Those of you not up to speed on belligerent supermodel news are doubtless blissfully ignorant of the fact that Mulder, 39 (pictured upping the circulation of Marie Claire), was formerly one of the world's leading walking scaffolds for designer togs, rubbing shoulders with Helena Christensen and Linda Evangelista during a 1990s career which saw her trouser £10,000-a-day as the Vogue-dubbed "Blonde with Class".
Showing rather less than class, though, she was arrested at 10am today "following a complaint from the unnamed surgeon". Mercifully, la Gendarmerie spared her the humiliation of a B-list incarceration, casting Karen into the cells of a police station in the "hugely fashionable 8th arrondissement".
The rap sheet is thus: Mulder is accused of ringing the nip-and-tuck operative demanding an unspecified piece of enhancement be reversed. She was, according to a shaken French police geezer, "screaming and shouting about the operation and became extremely threatening".
He added: "There were repeated calls to the female surgeon who was extremely scared.
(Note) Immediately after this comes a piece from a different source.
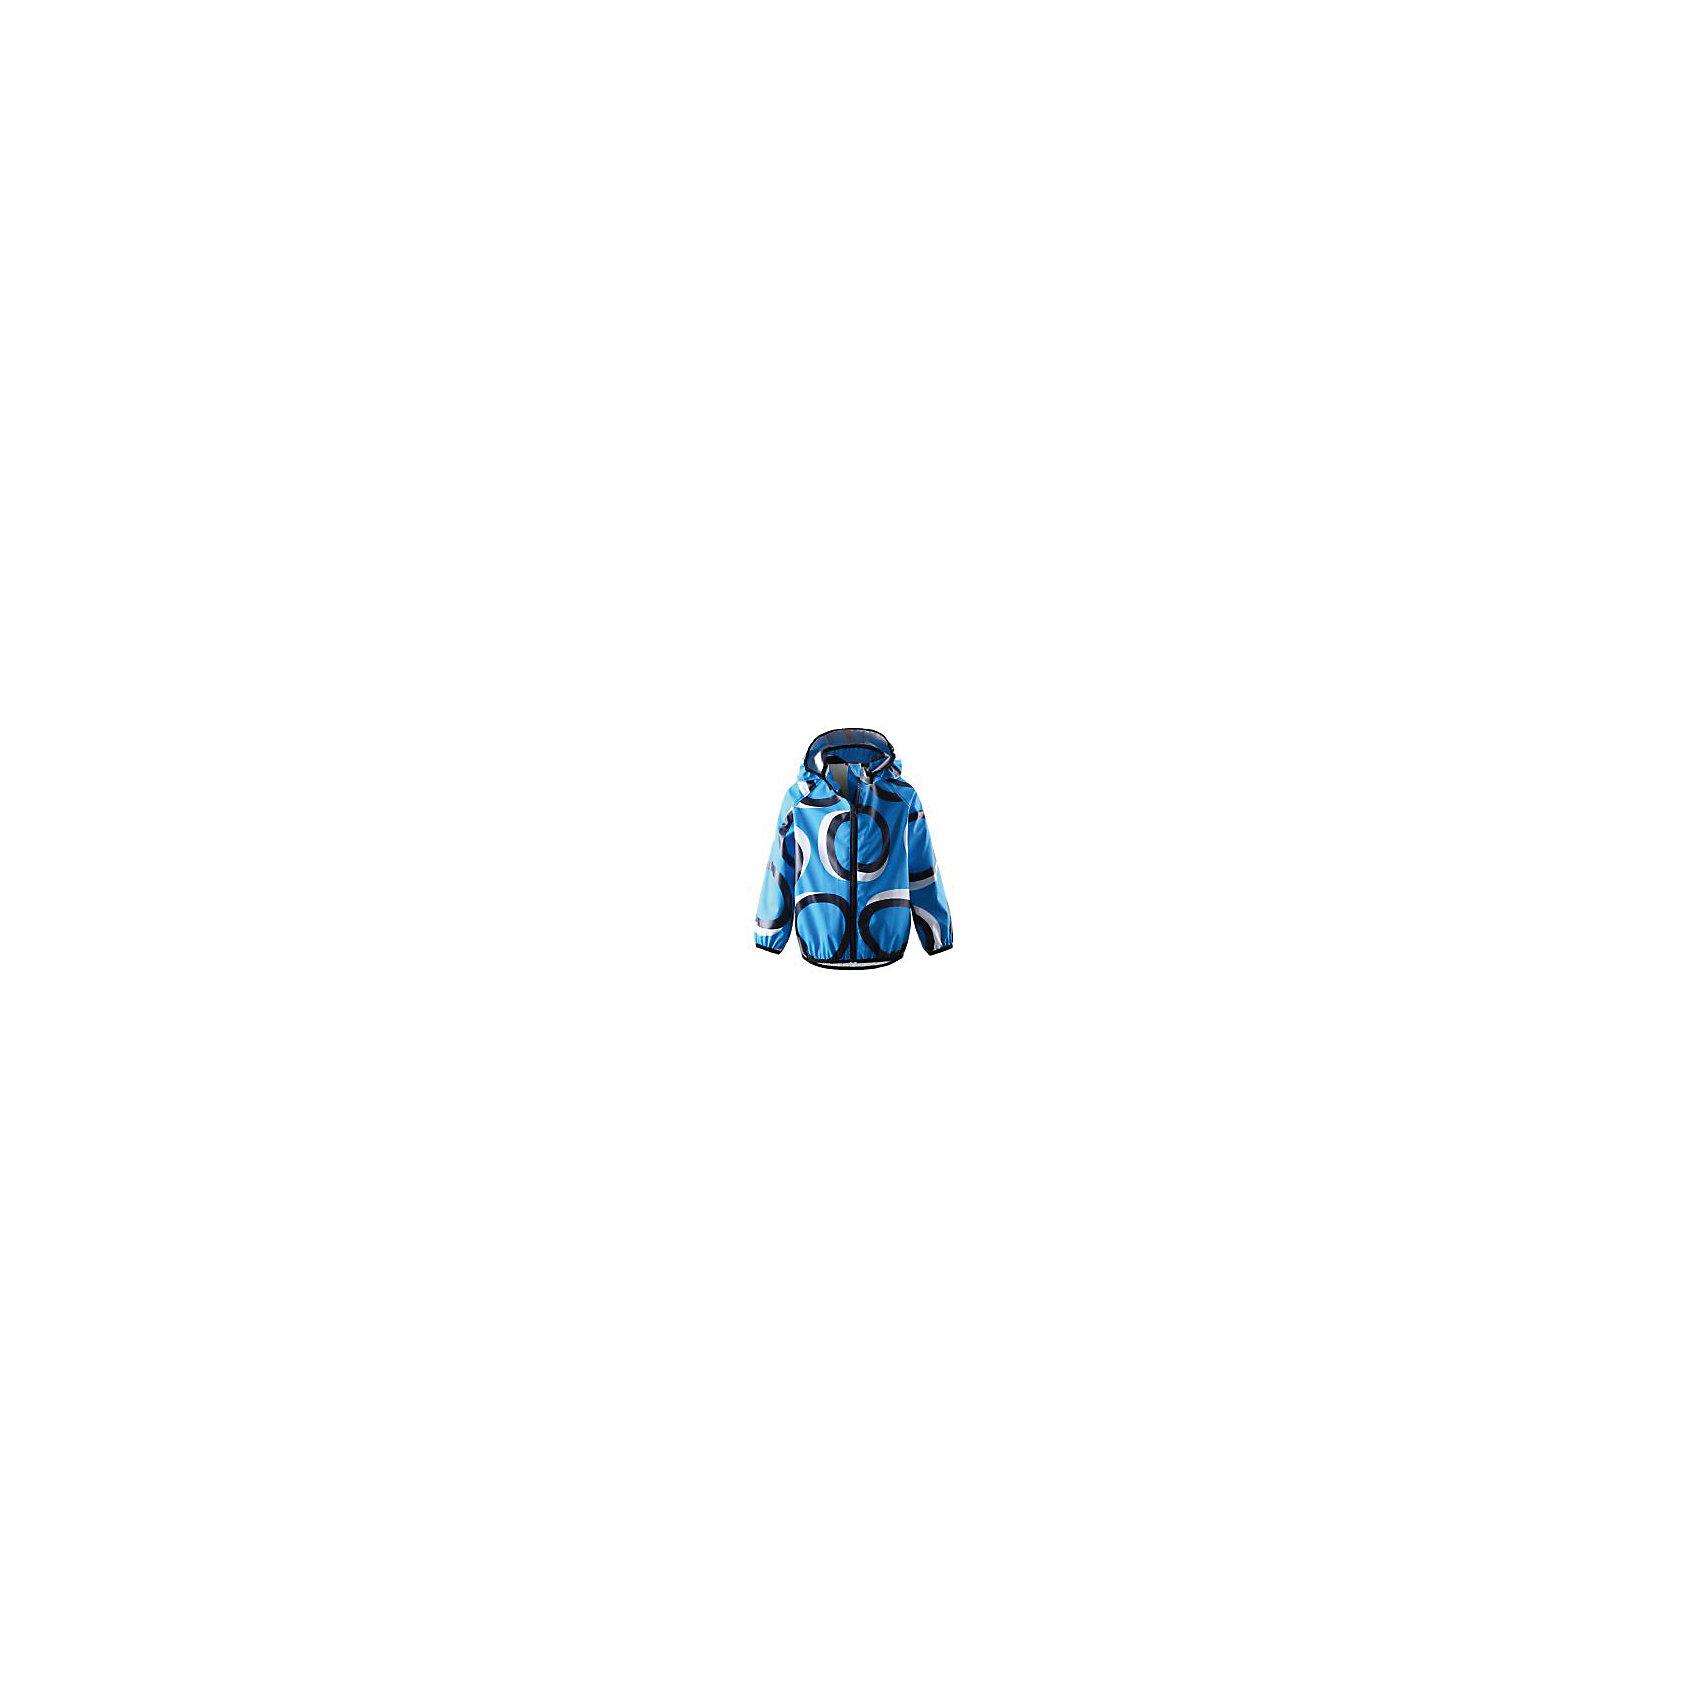 Плащ-дождевик ReimaОдежда<br>Классический плащ Reima® для малышей с фантастическими расцветками и рисунками. Безопасный, сертифицированный материал ?ko-Tex не содержит ПВХ. Гибкий, но износостойкий материал не «деревенеет» на морозе, поэтому плащ идеально подходит для использования круглый год, нужно только добавить слои Reima  под низ для дополнительного тепла. Съемный капюшон обеспечит безопасность во время игр на воздухе, и защитит от ливня и пронизывающего ветра.<br>#Куртка-дождевик для детей#Запаянные швы, не пропускающие влагу#Эластичный материал#Безопасный, съемный капюшон#Эластичные манжеты и подол#Молния спереди<br>Состав:<br>100% ПЭ, ПУ-покрытие<br>Уход:<br>Стирать по отдельности, вывернув наизнанку. Стирать моющим средством, не содержащим отбеливающие вещества. Полоскать без специального средства. Во избежание изменения цвета изделие необходимо вынуть из стиральной машинки незамедлительно после окончания программы стирки. Сушить при низкой температуре.<br><br>Ширина мм: 356<br>Глубина мм: 10<br>Высота мм: 245<br>Вес г: 519<br>Цвет: синий<br>Возраст от месяцев: 108<br>Возраст до месяцев: 120<br>Пол: Унисекс<br>Возраст: Детский<br>Размер: 140,116,134<br>SKU: 4755829

The suspect is being interviewed."
The Telegraph notes that Mulder in 2001 "attended a psychiatric hospital suffering from chronic depression, blaming it on drug addiction during her modelling days".
A year later, she tried to top herself using sleeping pills, but "was rescued by close friends in Paris", including Sarko squeeze Carla Bruni.
According to the word on the street, Mulder faces a threatening behaviour rap, but will be released to battle Naomi Campbell in the El Reg Battling Clotheshorse Ring of Death™.* ®
Bootnote
*No, we invented this BlackBerry-sponsored bitchslap event, although we'd pay good money to see Kate Moss go head-to-head with fellow stick insect Agyness Deyn, née Laura Hollins of Failsworth in Greater Manchester.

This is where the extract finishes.